# [Task goal]
Print out the data exactly, keeping every image out of it.

# [Dataset extract]
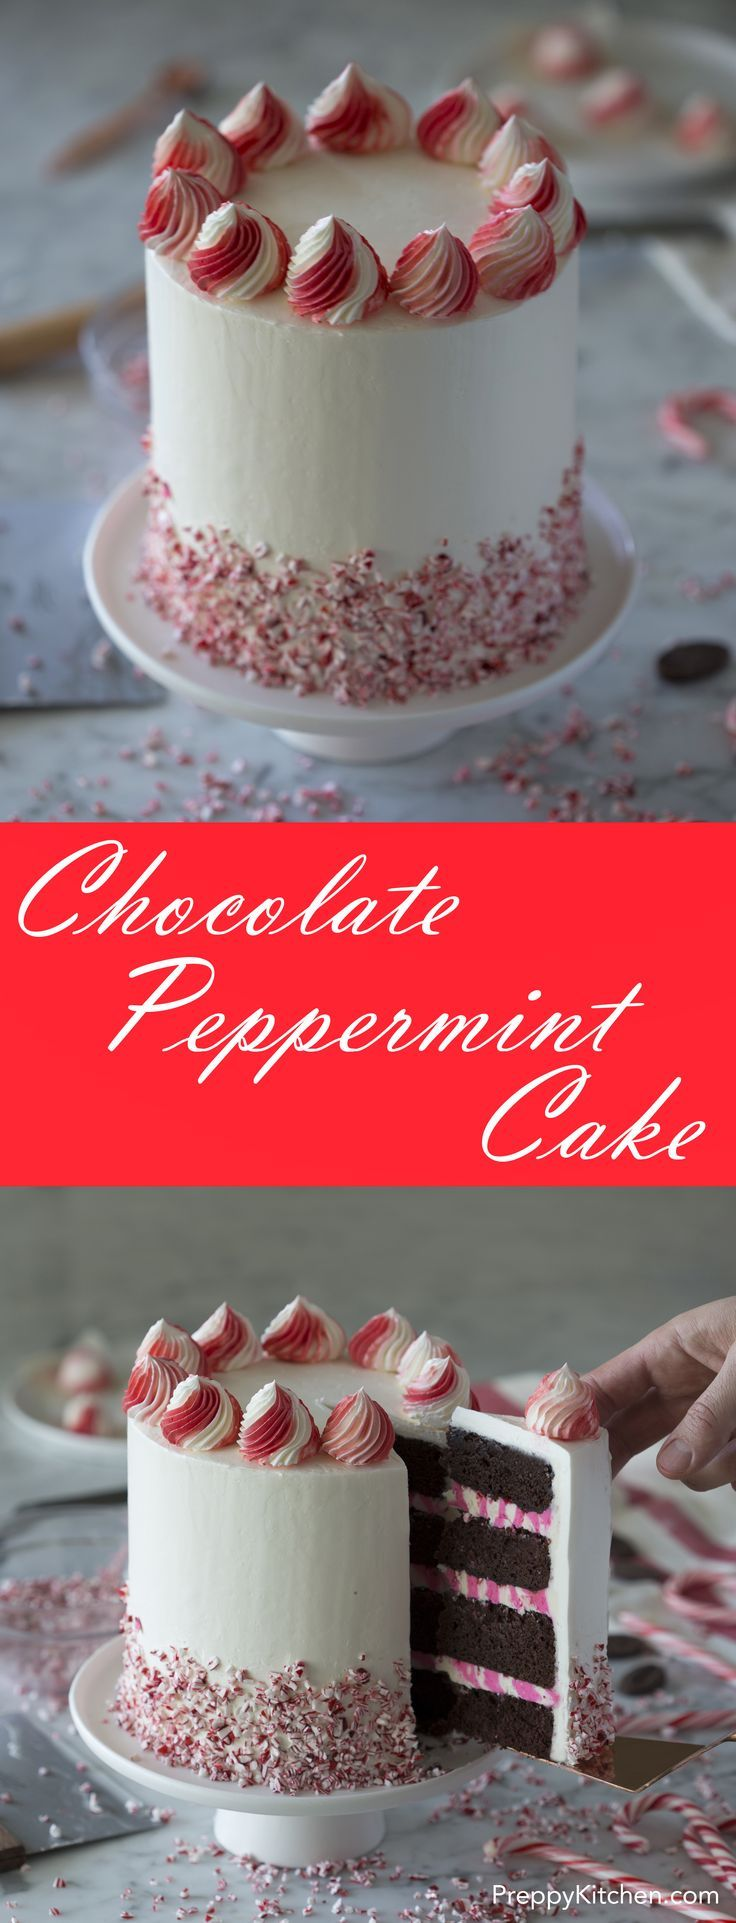 Chocolate Peppermint Cake via @preppykitchen. Christmas Baking. Christmas Cake Ideas.
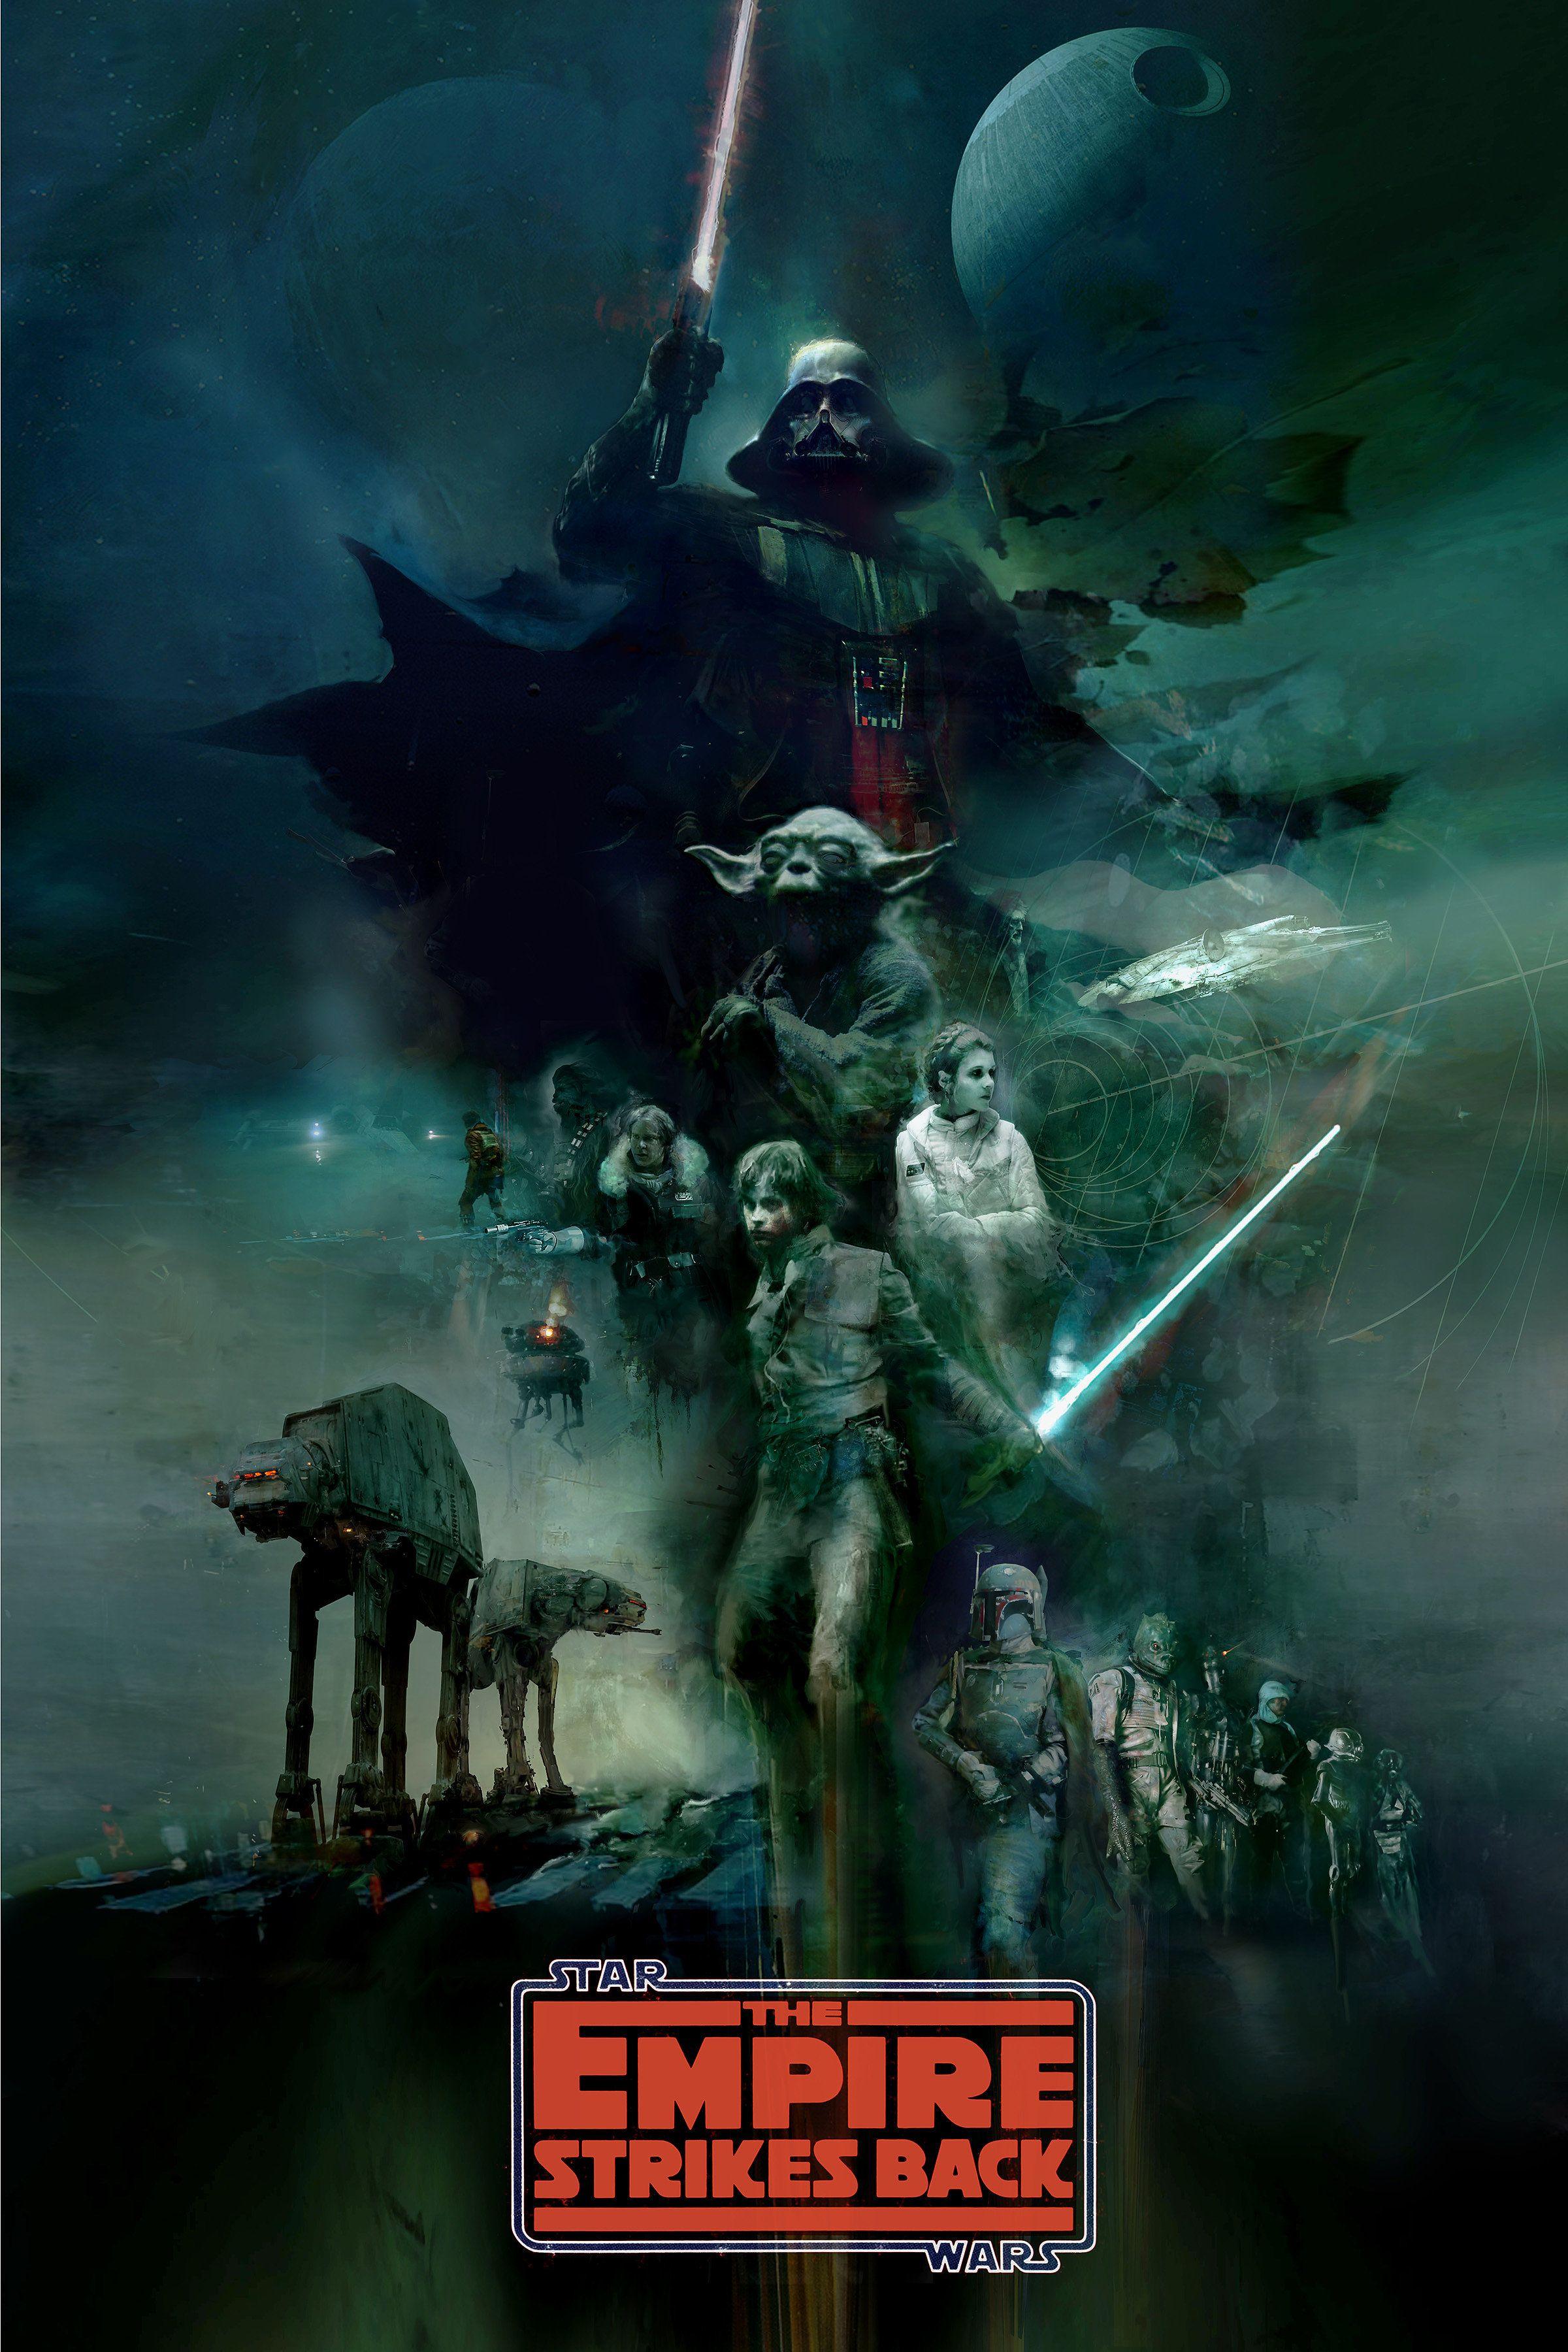 Empire christopher shy star wars poster star wars
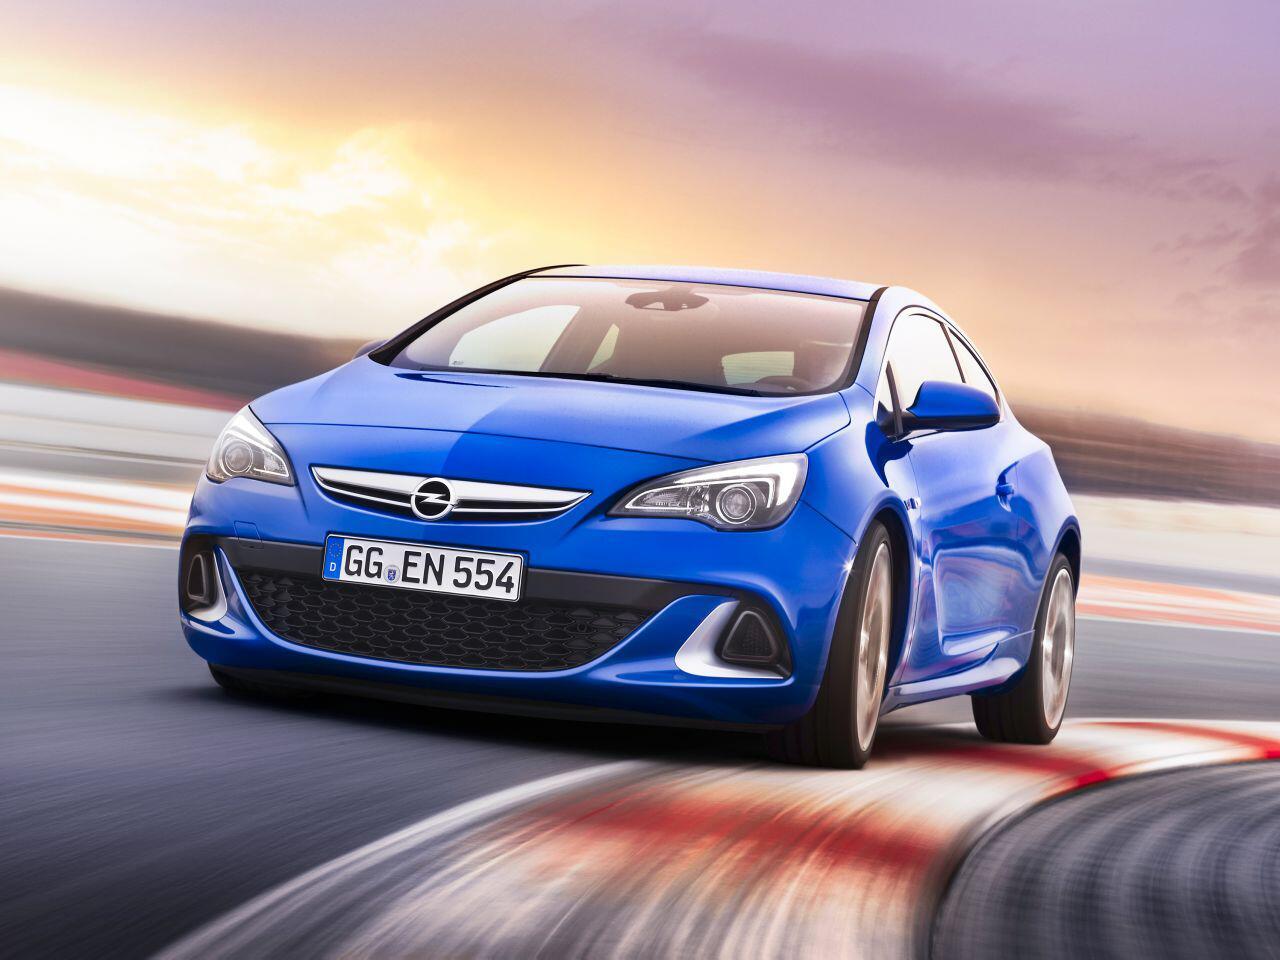 Bild zu 7. Platz: Opel Astra OPC

# [Worked solution]
 Chocolate Peppermint Cake via @preppykitchen. Christmas Baking. Christmas Cake Ideas.
 Empire christopher shy star wars poster star wars
 Bild zu 7. Platz: Opel Astra OPC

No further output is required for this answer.